[Start of Attachment]
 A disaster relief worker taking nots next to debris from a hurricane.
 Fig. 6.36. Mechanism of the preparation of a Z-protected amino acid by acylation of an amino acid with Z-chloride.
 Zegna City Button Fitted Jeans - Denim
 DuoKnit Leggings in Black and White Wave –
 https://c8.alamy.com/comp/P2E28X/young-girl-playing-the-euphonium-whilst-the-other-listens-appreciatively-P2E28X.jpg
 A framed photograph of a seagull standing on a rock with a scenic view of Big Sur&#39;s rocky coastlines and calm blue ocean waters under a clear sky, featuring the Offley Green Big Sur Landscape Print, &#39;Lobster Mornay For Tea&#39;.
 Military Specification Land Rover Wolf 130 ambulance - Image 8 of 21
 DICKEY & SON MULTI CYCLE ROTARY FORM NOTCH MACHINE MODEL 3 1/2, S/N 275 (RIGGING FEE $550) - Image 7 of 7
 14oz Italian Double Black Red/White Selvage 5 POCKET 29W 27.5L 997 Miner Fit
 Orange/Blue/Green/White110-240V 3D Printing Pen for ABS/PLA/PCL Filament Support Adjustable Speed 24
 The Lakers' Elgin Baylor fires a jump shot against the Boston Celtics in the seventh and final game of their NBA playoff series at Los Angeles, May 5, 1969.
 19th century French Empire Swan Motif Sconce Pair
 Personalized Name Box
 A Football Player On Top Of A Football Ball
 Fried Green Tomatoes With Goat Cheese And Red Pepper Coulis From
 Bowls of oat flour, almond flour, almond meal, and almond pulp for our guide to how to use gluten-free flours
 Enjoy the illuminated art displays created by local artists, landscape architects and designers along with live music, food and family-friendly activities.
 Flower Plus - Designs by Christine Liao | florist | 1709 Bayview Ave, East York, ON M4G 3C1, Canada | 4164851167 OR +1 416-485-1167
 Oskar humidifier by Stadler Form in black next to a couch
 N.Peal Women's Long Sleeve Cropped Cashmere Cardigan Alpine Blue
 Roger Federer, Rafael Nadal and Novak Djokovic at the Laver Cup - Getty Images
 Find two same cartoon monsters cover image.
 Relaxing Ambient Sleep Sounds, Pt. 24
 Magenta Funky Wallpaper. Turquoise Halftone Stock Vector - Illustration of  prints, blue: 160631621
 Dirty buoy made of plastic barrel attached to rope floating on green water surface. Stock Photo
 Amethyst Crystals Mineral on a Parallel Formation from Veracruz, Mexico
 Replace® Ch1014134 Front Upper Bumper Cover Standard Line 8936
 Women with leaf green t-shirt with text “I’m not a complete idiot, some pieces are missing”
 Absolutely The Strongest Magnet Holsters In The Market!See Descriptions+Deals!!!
[End of Attachment]
> TASK OBJECTIVE
Look above for the line containing "Relaxing Ambient Sleep Sounds, Pt. 24". From there to the final line of the entries, repeat every line exactly.

> RESULT OF THE EXERCISE
 Relaxing Ambient Sleep Sounds, Pt. 24
 Magenta Funky Wallpaper. Turquoise Halftone Stock Vector - Illustration of  prints, blue: 160631621
 Dirty buoy made of plastic barrel attached to rope floating on green water surface. Stock Photo
 Amethyst Crystals Mineral on a Parallel Formation from Veracruz, Mexico
 Replace® Ch1014134 Front Upper Bumper Cover Standard Line 8936
 Women with leaf green t-shirt with text “I’m not a complete idiot, some pieces are missing”
 Absolutely The Strongest Magnet Holsters In The Market!See Descriptions+Deals!!!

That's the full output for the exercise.